→ Provided material:
######
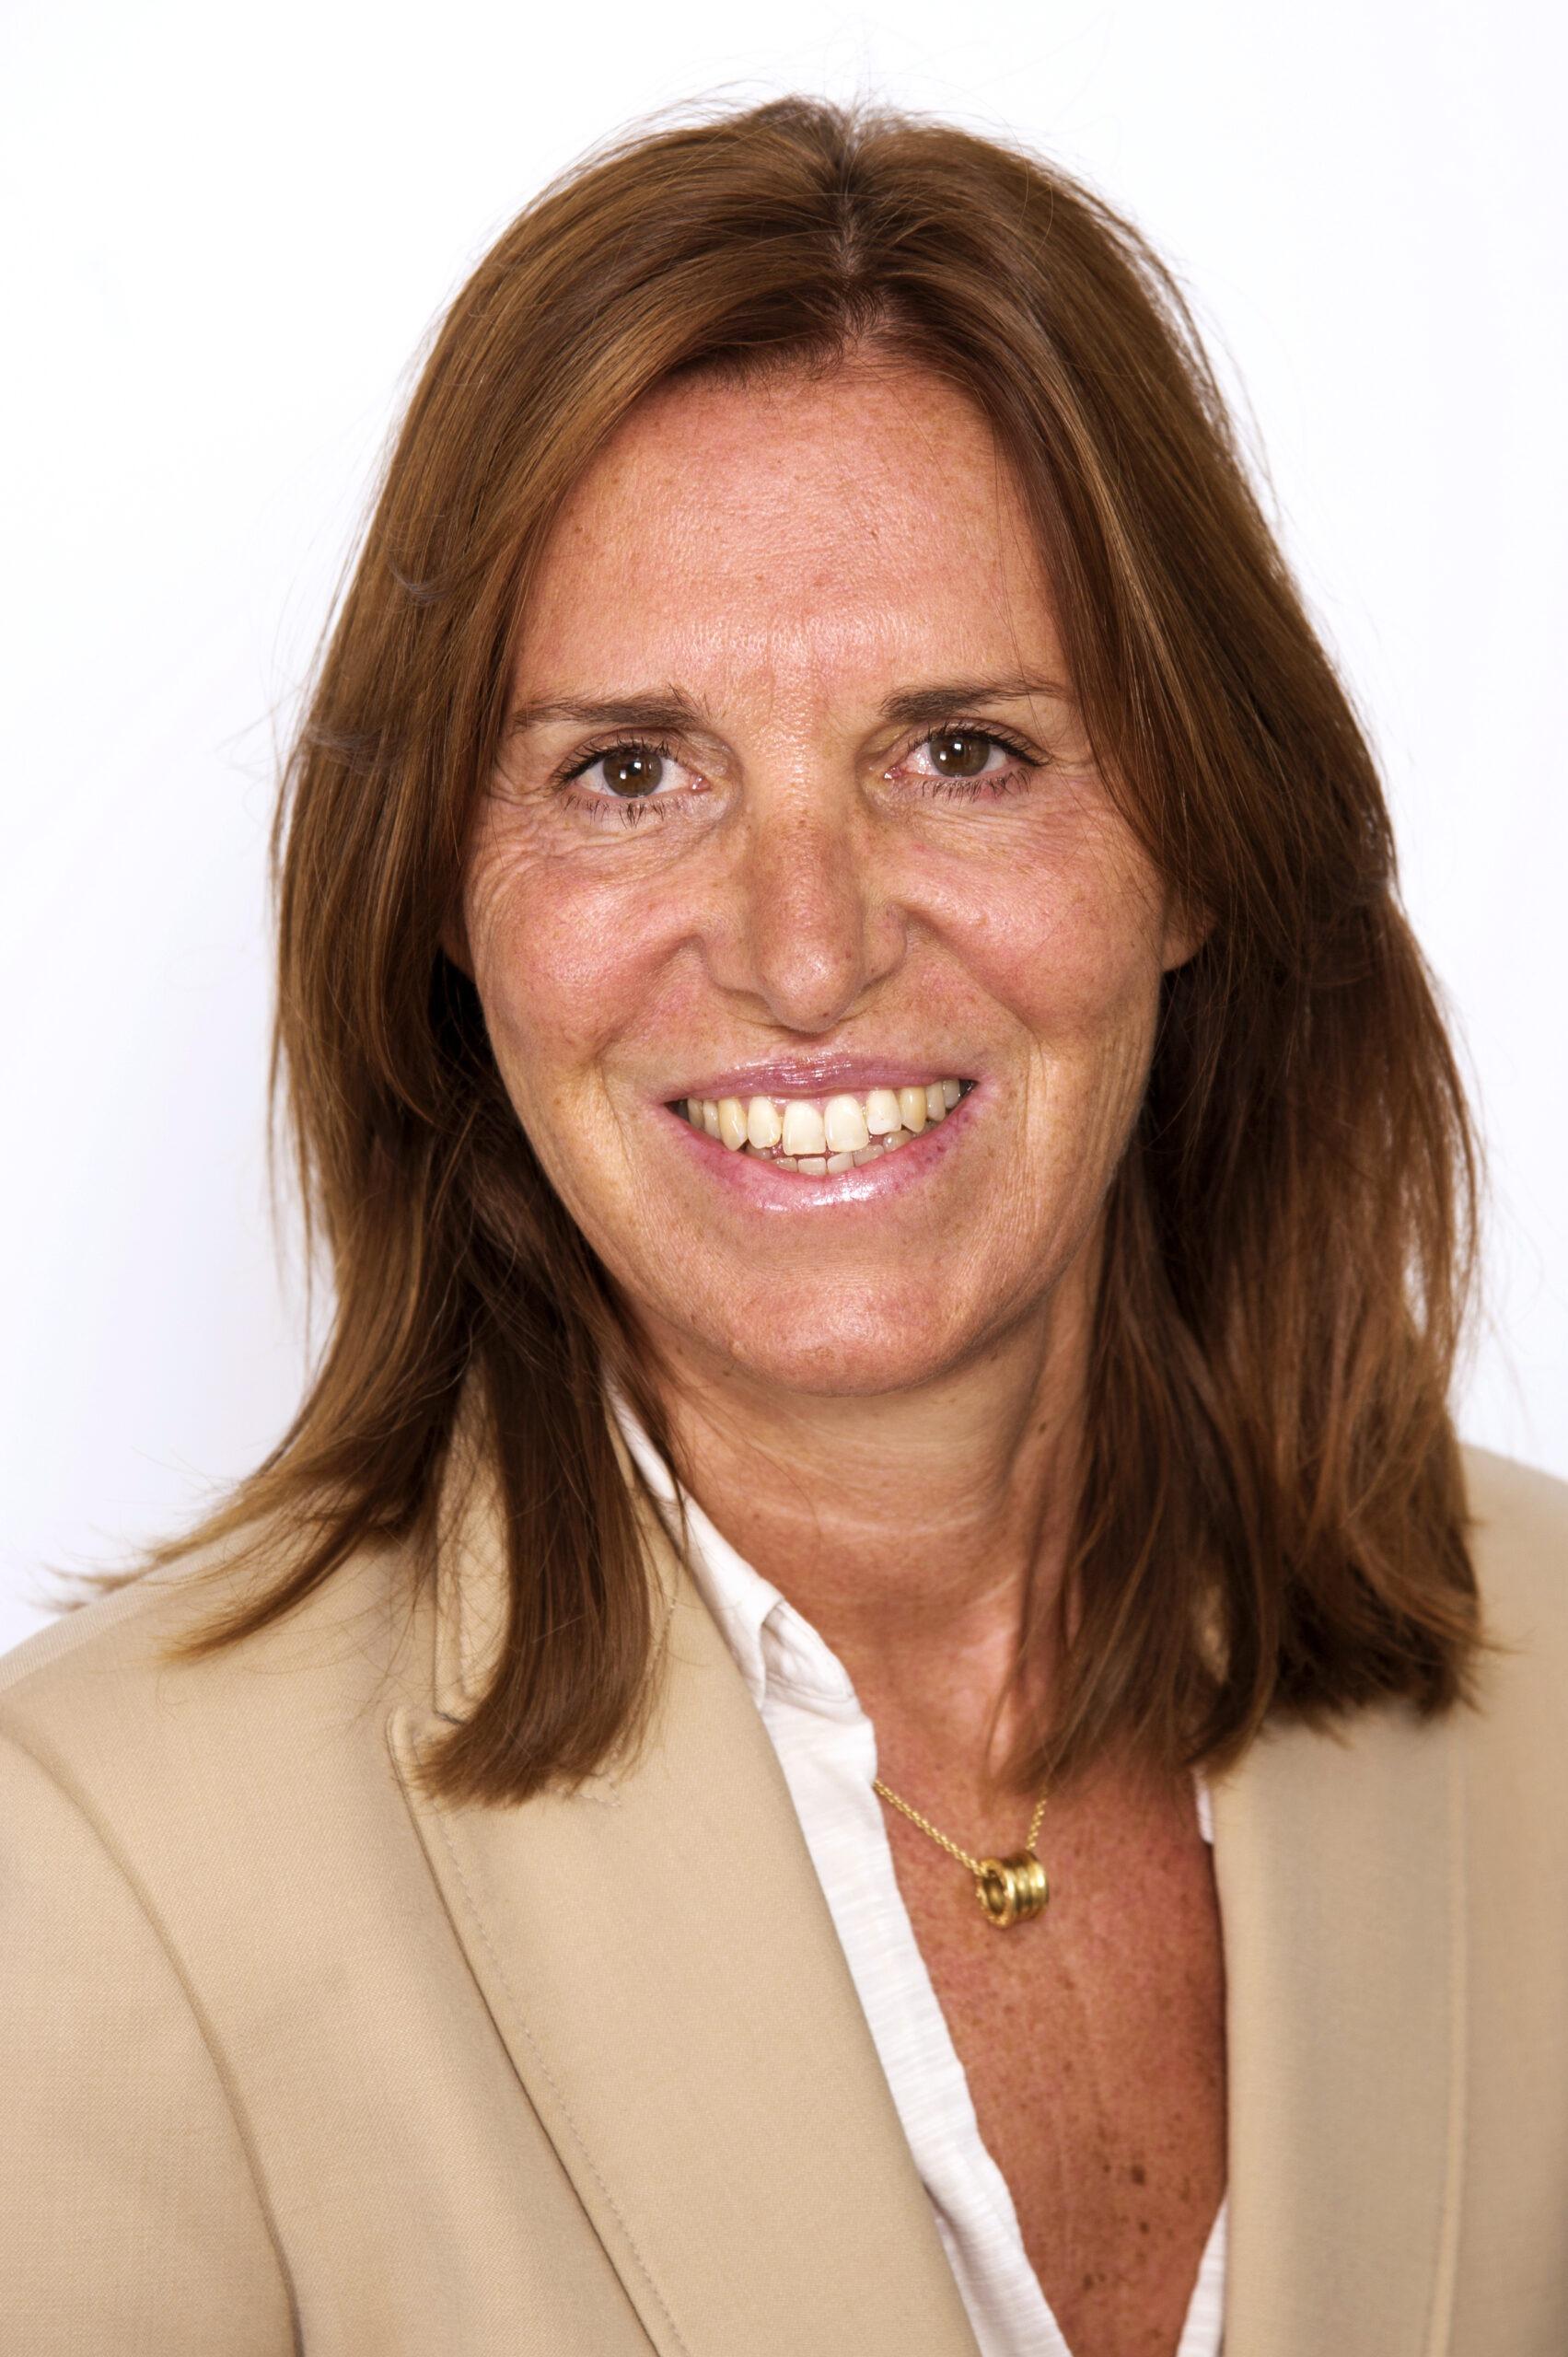 Murielle Weyers
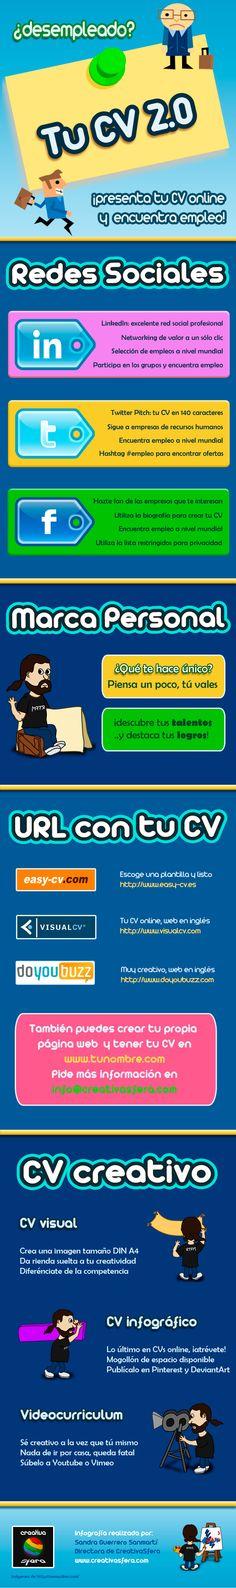 Infografía: ¿Desempleado? Tu CV 2.0 para Encontrar Empleo http://www.onedigital.mx/ww3/2012/05/08/infografia-desempleado-tu-cv-2-0-para-encontrar-empleo/
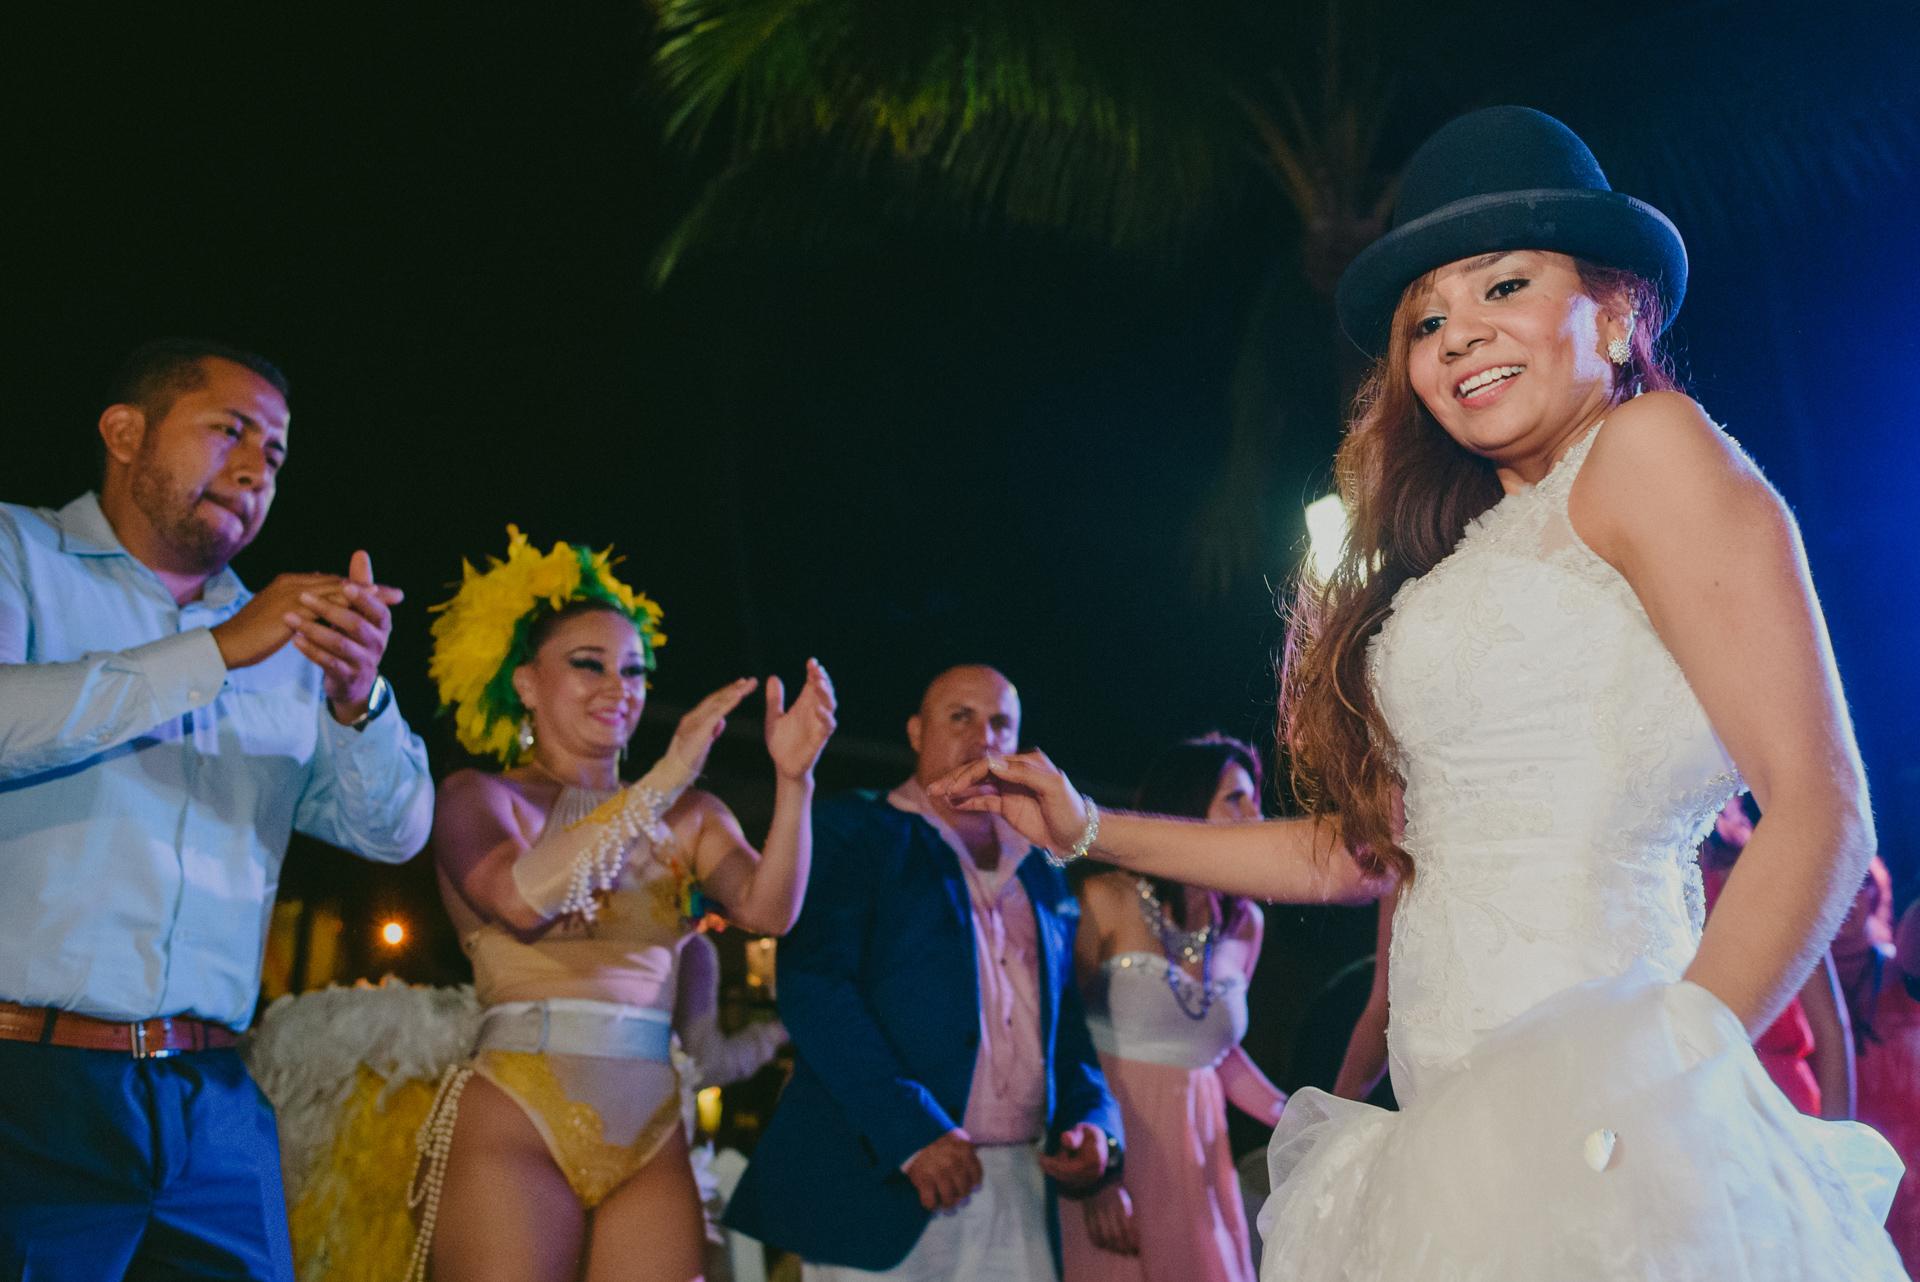 Wedding N&M BLOG luishoudin.com (166 de 174)
######
→ Task goal: Print the material above exactly as it appears, but not its pictures.

→ Your solution:
 Murielle Weyers
 Infografía: ¿Desempleado? Tu CV 2.0 para Encontrar Empleo http://www.onedigital.mx/ww3/2012/05/08/infografia-desempleado-tu-cv-2-0-para-encontrar-empleo/
 Wedding N&M BLOG luishoudin.com (166 de 174)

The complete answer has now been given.